Malaysian Banks Could Still Merge Despite Capital Requirements
Mid-sized banks in Malaysia could still move ahead with merger plans despite higher capital requirements.
The proposed additional capital requirements for domestic systemically important banks (DSIBs) in Malaysia will not thwart merger plans amongst mid-sized banks, according to a report from Fitch Ratings. This is because banks still have healthy capital positions that can withstand the planned surcharge.

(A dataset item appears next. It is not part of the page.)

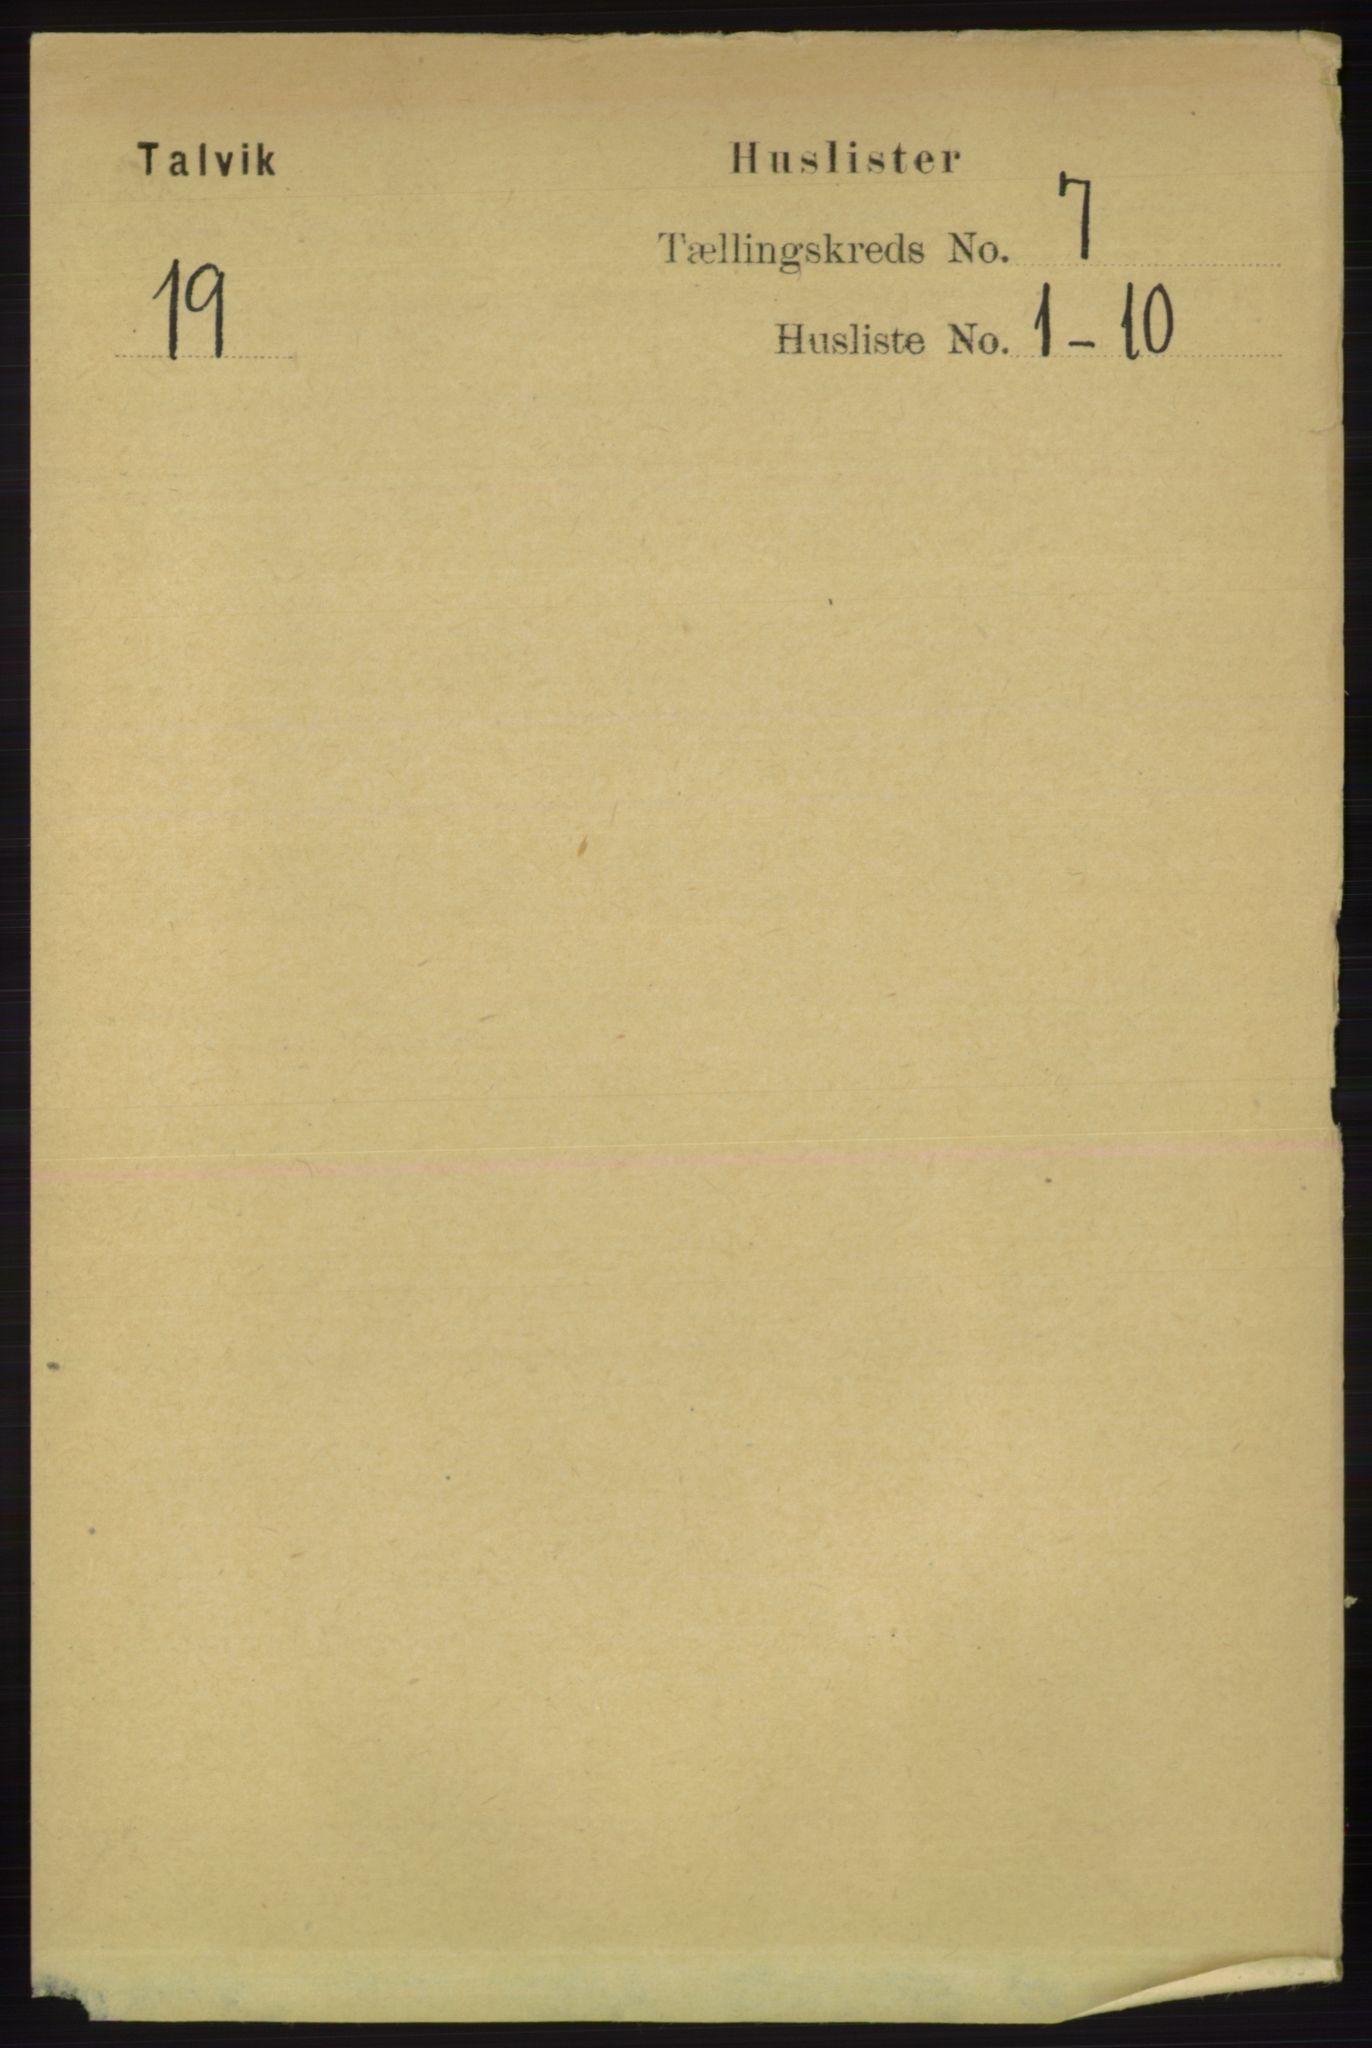 RA, Folketelling 1891 for 2013 Talvik herred, 1891, s. 1961

«We do not expect Malaysia's additional DSIB requirements to materially affect banks' capital targets. The major banks already meet the higher proposed requirements comfortably and we believe many banks have made some allowance for them in their capital planning, as the DSIB framework has been widely anticipated,» said Elaine Koh, an analyst from Fitch, who was quoted in «Asian Banking and Finance».
Well Above Pillar 1 range
The common equity Tier 1 ratios of the top-six banking groups in Malaysia ranged between 12.0 and 15.5% percent at the end of 2018, well above the 7.5 to 8.0 percent Pillar 1 minimum that they would need to meet.
Hence, the new requirements are unlikely to deter industry consolidation especially amongst mid-sized banks, which may be designated as smaller DSIBs and should stand to benefit the most from consolidation through franchise and cost-efficiency gains.
Mega DSIBs Discouraged
Consolidation among the top two or three players, however, could result in the merged entity incurring a higher DSIB surcharge of 2.0 percent of risk-weighted assets or more, Koh notes. The central bank has said that it may impose higher DSIB surcharges to discourage larger DSIBs from further increasing their systemic importance.
As part of the Basel III capital framework, Malaysia is planning to increase surcharge for domestic systematically important banks (DSIBs) of 0.5 to 1 percent of risk-weighted assets.
Lower Versus ASEAN Peers
As compared to its ASEAN peers, Malaysia's planned buffer is still relatively low. Indonesia's capital surcharge range is at 1 to 2.5 percent, the Philippines' capital surcharge is at 1.5 to 2.5 percent, while Singapore's is at 2%.